2014 PFF Defensive Rookie of the Year
2014 was a vintage season for rookies on the defensive side of the ball with four candidates standing out as having season’s worth of taking home the prize at the end of the season. It is rare to see a number of rookies come in and not just impress by the standard of other rookies in that and past seasons but in comparison to veteran players alike as we had in 2014.
The strongest performances were reserved for the front seven this season with difference-makers raising their hand in every area of the front seven. The quality was so high that it made it difficult to cut the list below five names so much like the offensive and defensive player of the year awards that we handed out last week we’re extending our shortlist to give credit to those defensive rookies who raised their games and made the biggest instant impact.
4th Runner Up
Anthony Barr, OLB, Minnesota Vikings
Perceived as a fairly raw prospect coming out of UCLA, there was some debate as to what position best suited Barr in the pros. What he proved this season was that he is just a good football player. The Vikings didn’t try to turn him into a Von Miller-style outside linebacker sending him after the quarterback at every opportunity (his 103 pass rushes were fifth most among 4-3 OLBs when his season ended due to injury). That doesn’t mean they didn’t make good use of his pass rushing skills either. His 17 pressures were evidence of his talent as a pass rusher and effective usage netting three sacks and four hits over the course of the season.
Barr paired his pass rushing with strong run defense and solid work in coverage where some might have expected him to be exposed a little more. There were certainly some things to work on in coverage, but for a first season, Barr disproved any doubters who might have suggested he would just be a part-time player for the Vikings in 2014. Though a step below our Top 4 who separated themselves from the field, Barr might have been closer had injury not curtailed his rookie season by a month.
3rd Runner Up
C.J. Mosley, ILB, Baltimore Ravens
After a steady first week as a pro (which included a rough night in coverage against the Steelers on the first Thursday Night Football of the season) Mosley exploded into life over the next eight weeks. He earned a positive grade in seven games including two spectacular displays against the Panthers (+7.1) and Bengals (+3.4). In that eight-week stretch, Mosley was our highest-graded inside linebacker earning a +15.7 overall grade and racking up 39 of his 61 stops for the season.

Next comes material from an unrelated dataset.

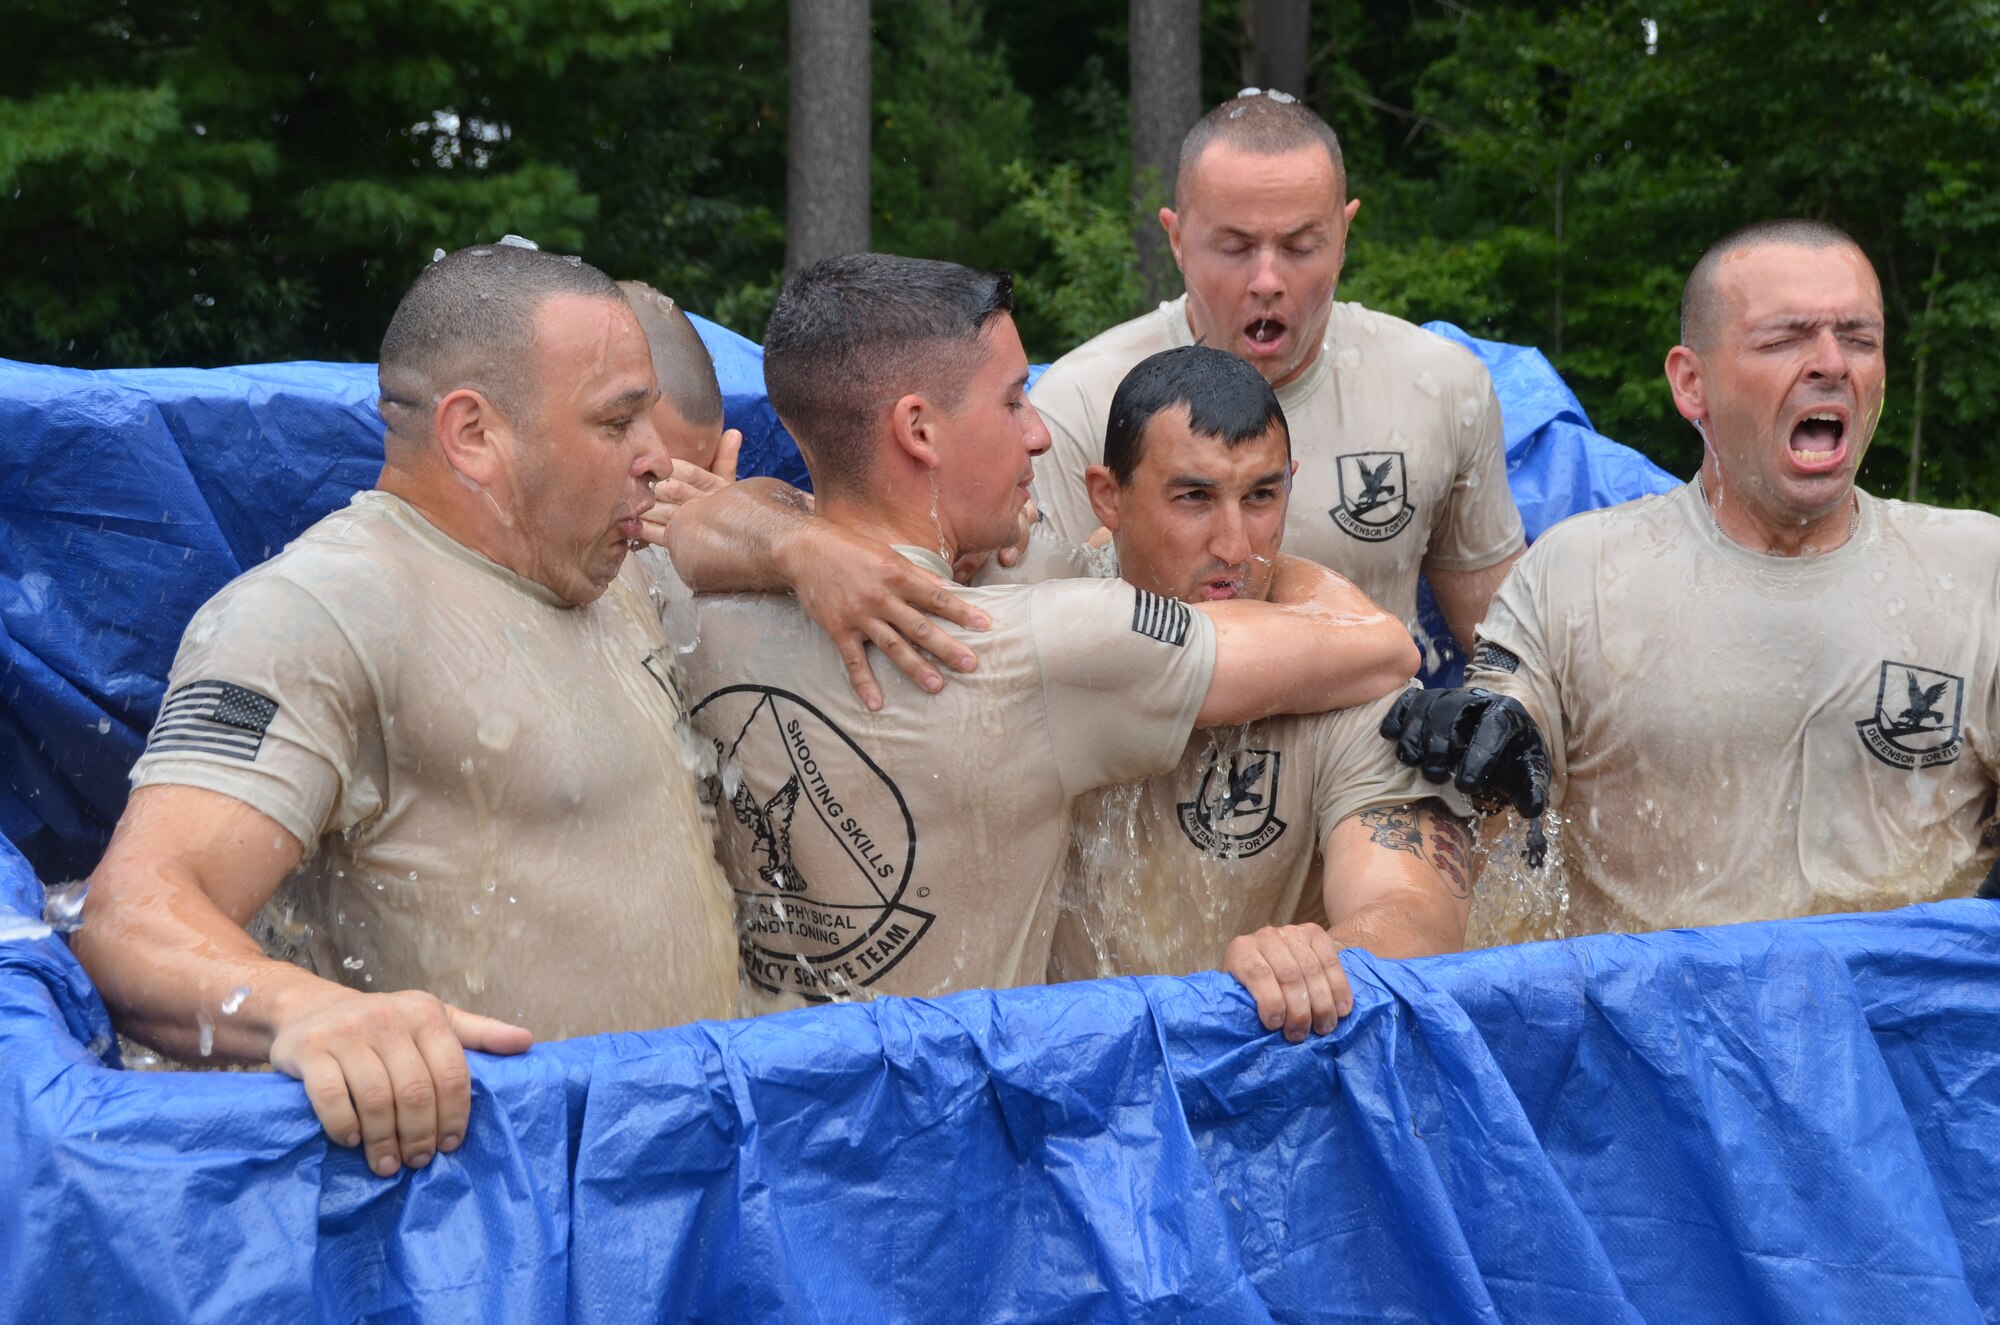 Members of the 103rd Security Forces Squadron emergency services team endure an ice-water plunge at the West Hartford Reservoir as part of the Connecticut SWAT Challenge Aug. 22, 2013. The ice bath was just one of many physically grueling obstacles competitors faced. (U.S. Air National Guard Photo by Maj. Bryon Turner)

Finishing his rookie season inside the Top 10 of our inside linebacker grades Mosley’s strength was in run defense registering 31 stops and looking adept at shedding blocks in the pros from very early on. Also adding a threat as an extra rusher to his game Mosley flashed an all-around game that at this very early stage would suggest he is the next in a long line of excellent Ravens linebackers. One of the few things holding Mosley back were his occasional struggles that re-appeared late in the season with four game grades of -1.2 or below in coverage in the Ravens’ last eight games.
2nd Runner Up
Chris Borland, ILB, San Francisco 49ers
Going into the 49ers’ season as a third-round pick at inside linebacker you might have expected Borland to play fewer than 100 snaps. When Patrick Willis’ injury against the Rams presented the former Wisconsin Badger with an opportunity, he grabbed it and never looked back. In spite of only playing 487 snaps (40th among inside linebackers), Borland earned our fourth-highest grade at his position and got through a work rate in terms of tackles and stops compared to many full season starters.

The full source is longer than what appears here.